Ahora acabo de desprenderme de la biblioteca de maestros, maestrillos y embaucadores que fui atesorando con entusiasmo durante muchos años. Diversos motivos me han impelido a regalar, cambiar o vender 6.000 dosis de conocimiento. Me habían costado un congo, ocupado mucho espacio, empleado a bibliotecarios para ordenarlos; nos dieron muchas satisfacciones a mí y a otros, pero desde hace tiempo ya nadie se iba a dar lecciones con ellos. Ya estaban dadas, o se ofrecían en otros sitios. He ido comprobando como internet, las revistas y las prisas los iban arrinconando. La capa de polvo era ya intolerable.

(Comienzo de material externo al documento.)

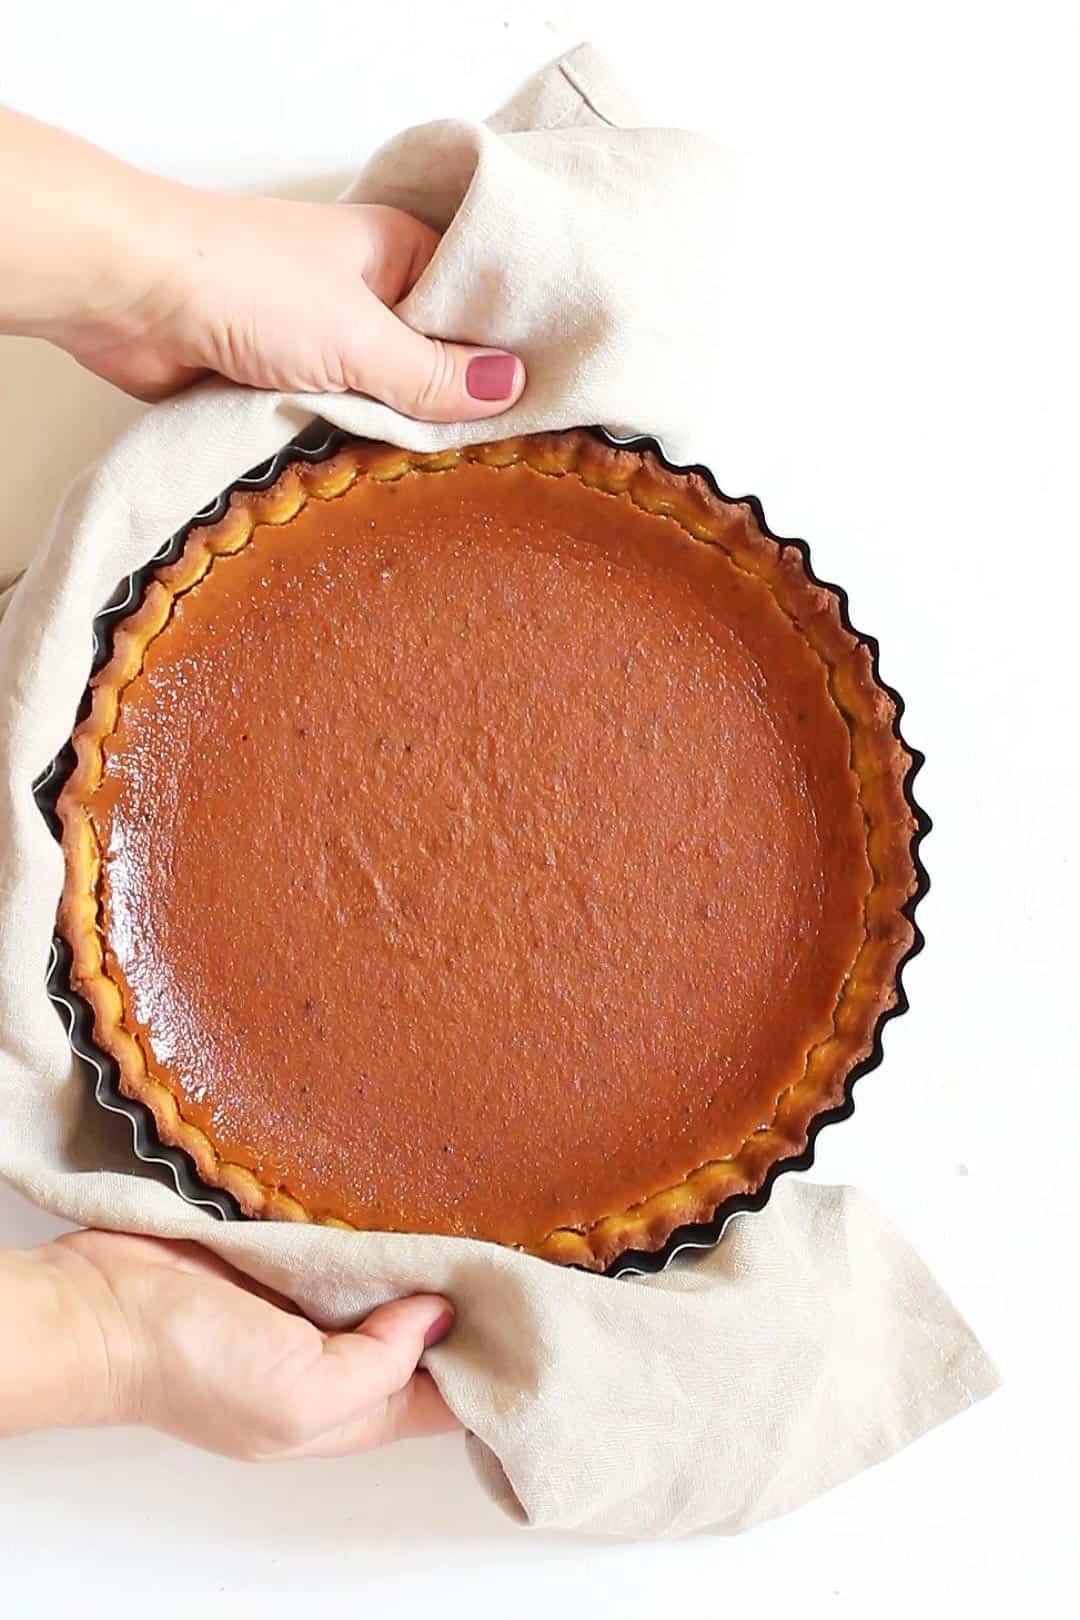 Holding Keto Pumpkin Pie

Ahora mis libros volverán a la vida tras una infrautilización unipersonal que se me hacía perversa. Los he liberado, los he dispersado, llegarán a casas de amigos o al Centre de Documentació del Museu del Disseny, para dar luz a quien la busque. O irán al coleccionista que los buscaba con deseo. Porque los libros si no se abren se gastan y al final mueren. Tras media vida de acumulación llega el periodo de despoje.
Les agradezco a todos las magníficas lecciones recibidas, sus engaños y alguna que otra colleja que me han ido dando. Y no oculto que a veces salgo disparado a un estante buscando consejo, pero cual miembro amputado, solo encuentro un emotivo vacío.
Allá donde estén seguirán siendo míos, porque el libro es por antonomasia una infinita e irreversible multipropiedad.